== Instructions to follow ==
Would you transcribe the records below exactly, omitting every picture?

== Data to examine ==

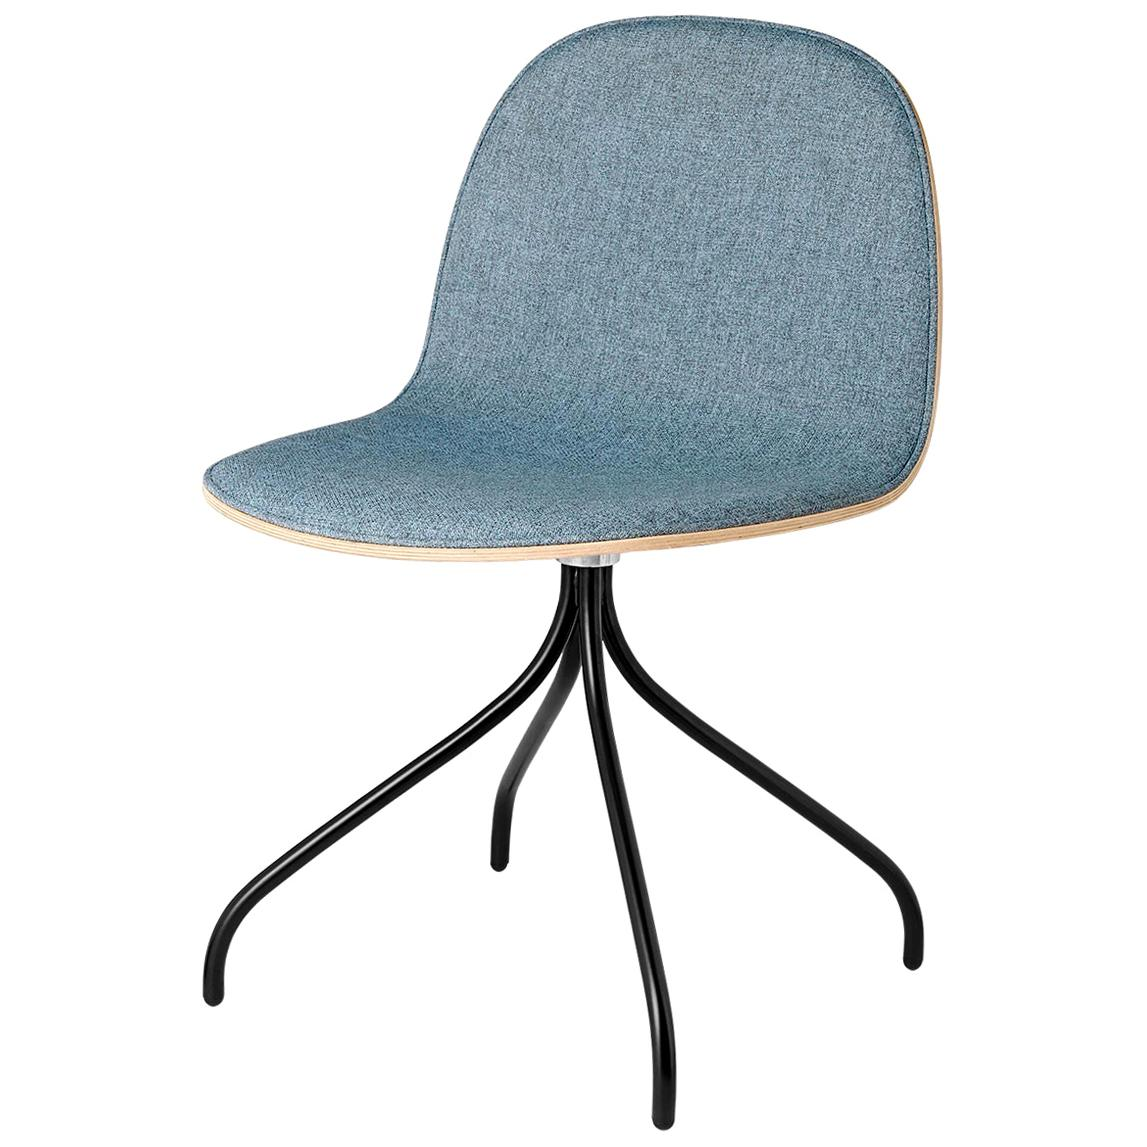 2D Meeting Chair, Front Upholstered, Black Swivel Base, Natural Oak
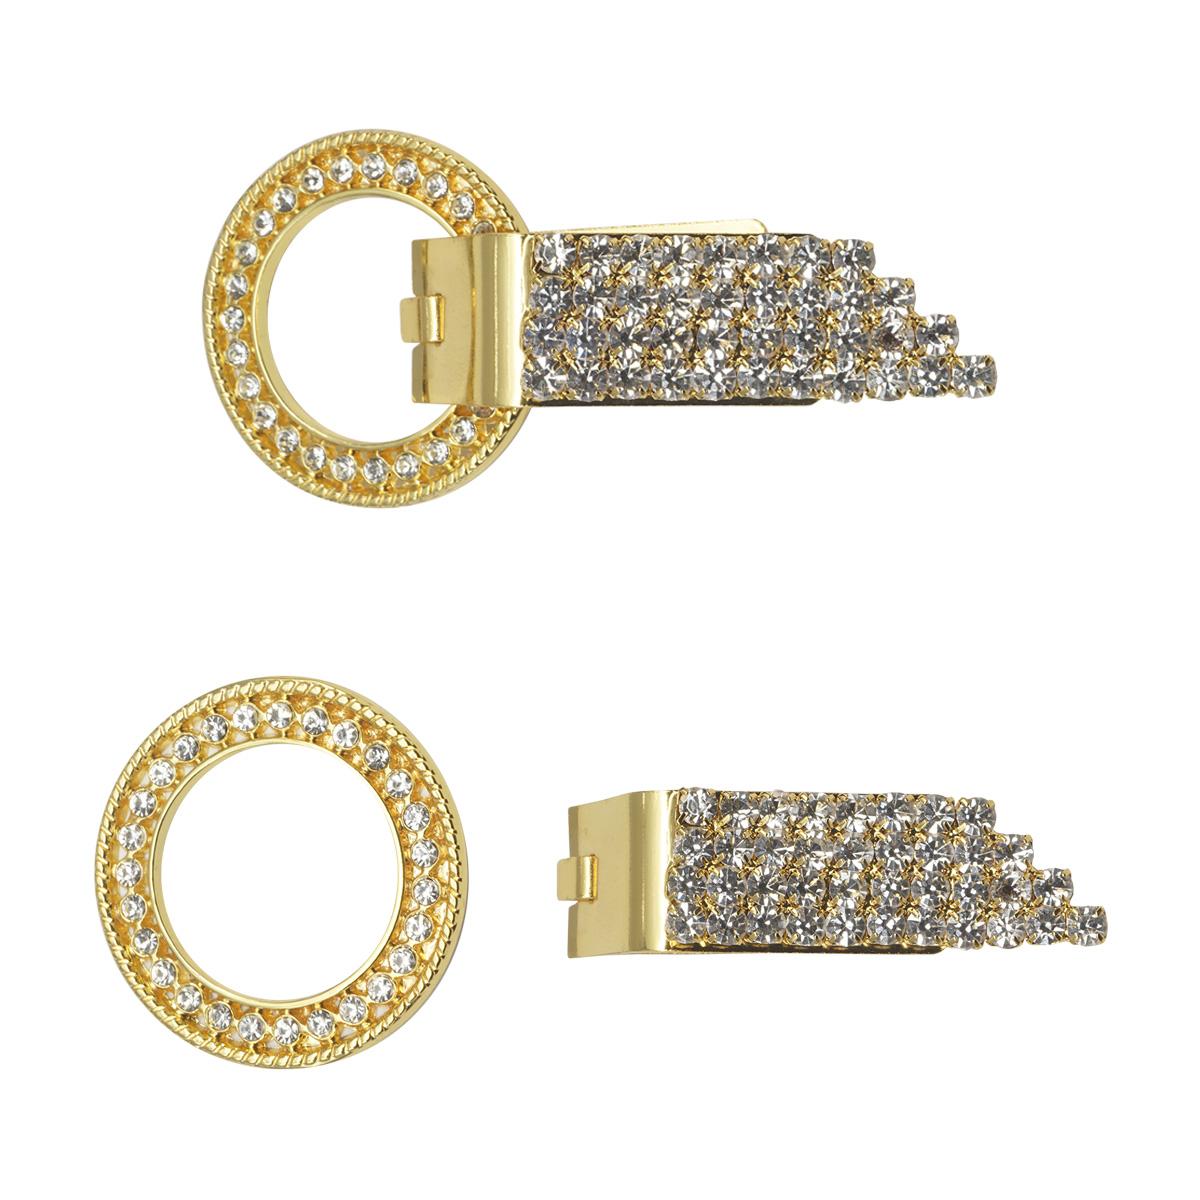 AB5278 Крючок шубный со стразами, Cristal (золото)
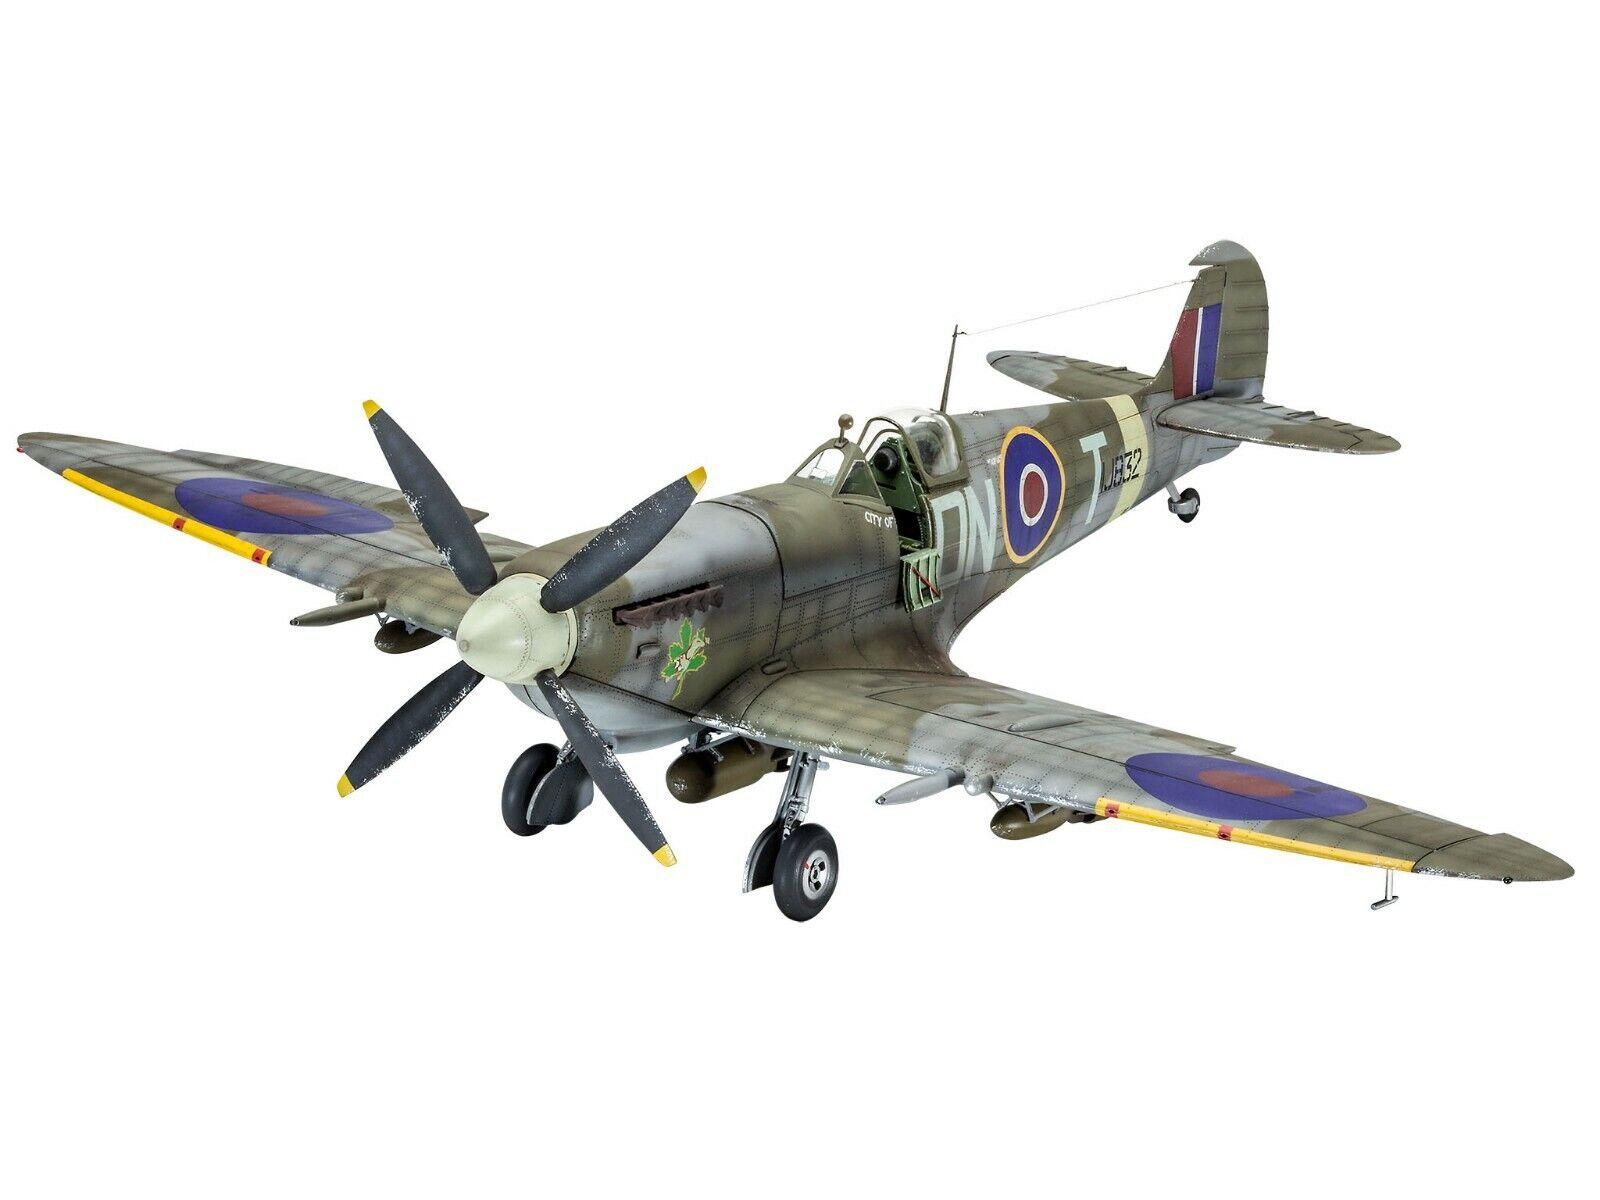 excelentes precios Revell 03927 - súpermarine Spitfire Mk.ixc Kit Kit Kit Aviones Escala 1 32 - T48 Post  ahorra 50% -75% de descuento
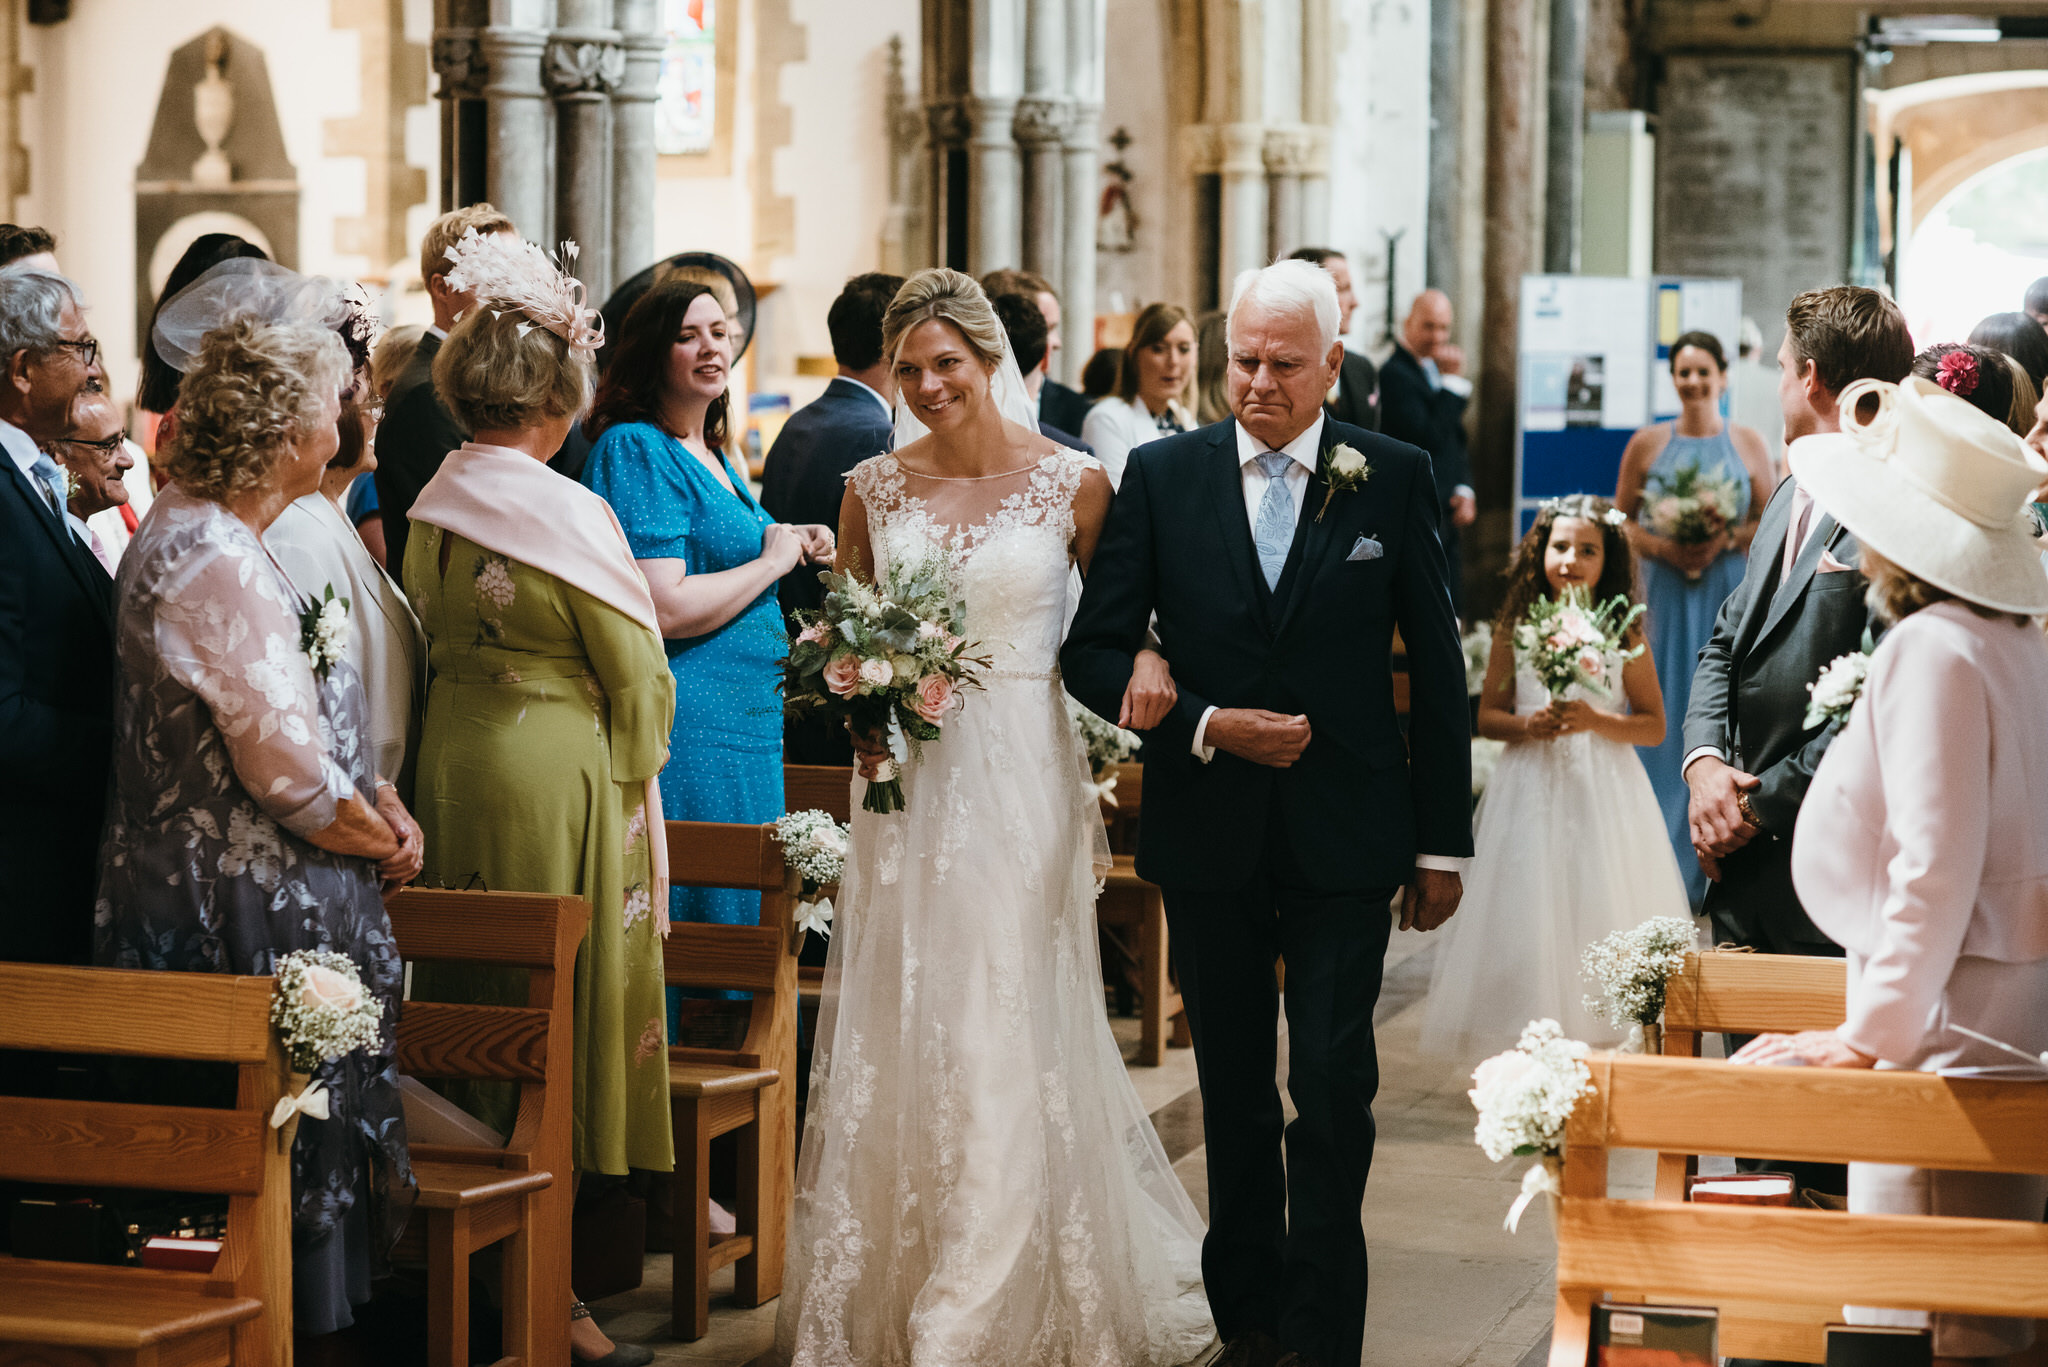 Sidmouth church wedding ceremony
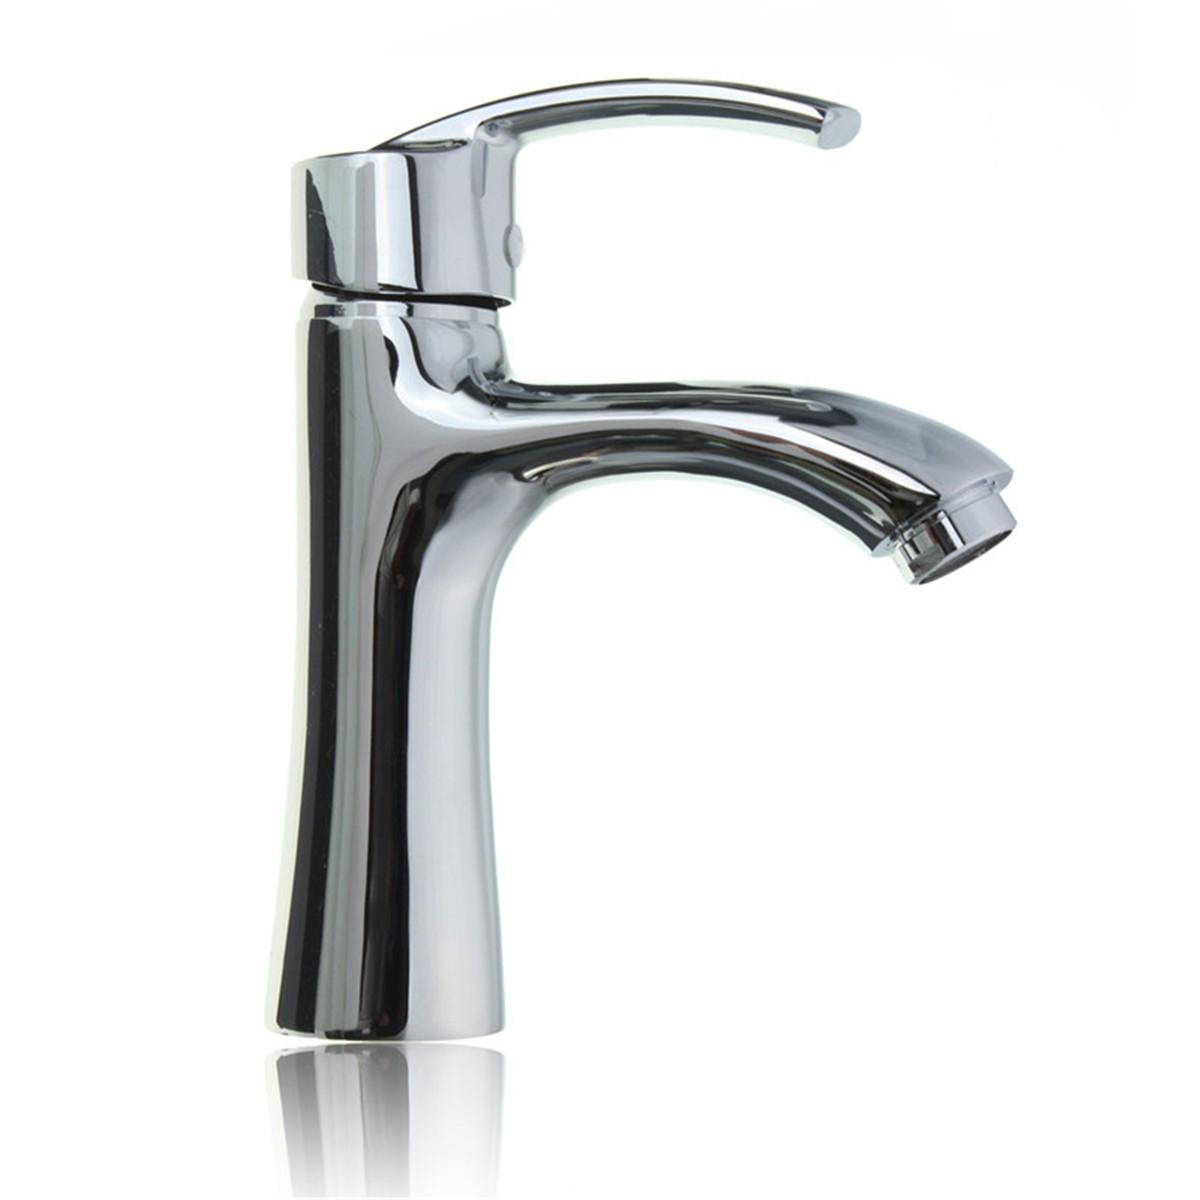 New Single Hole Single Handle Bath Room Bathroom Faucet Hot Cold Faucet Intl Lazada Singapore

== Your solution ==
 2D Meeting Chair, Front Upholstered, Black Swivel Base, Natural Oak
 AB5278 Крючок шубный со стразами, Cristal (золото)
 excelentes precios Revell 03927 - súpermarine Spitfire Mk.ixc Kit Kit Kit Aviones Escala 1 32 - T48 Post  ahorra 50% -75% de descuento
 Sidmouth church wedding ceremony
 New Single Hole Single Handle Bath Room Bathroom Faucet Hot Cold Faucet Intl Lazada Singapore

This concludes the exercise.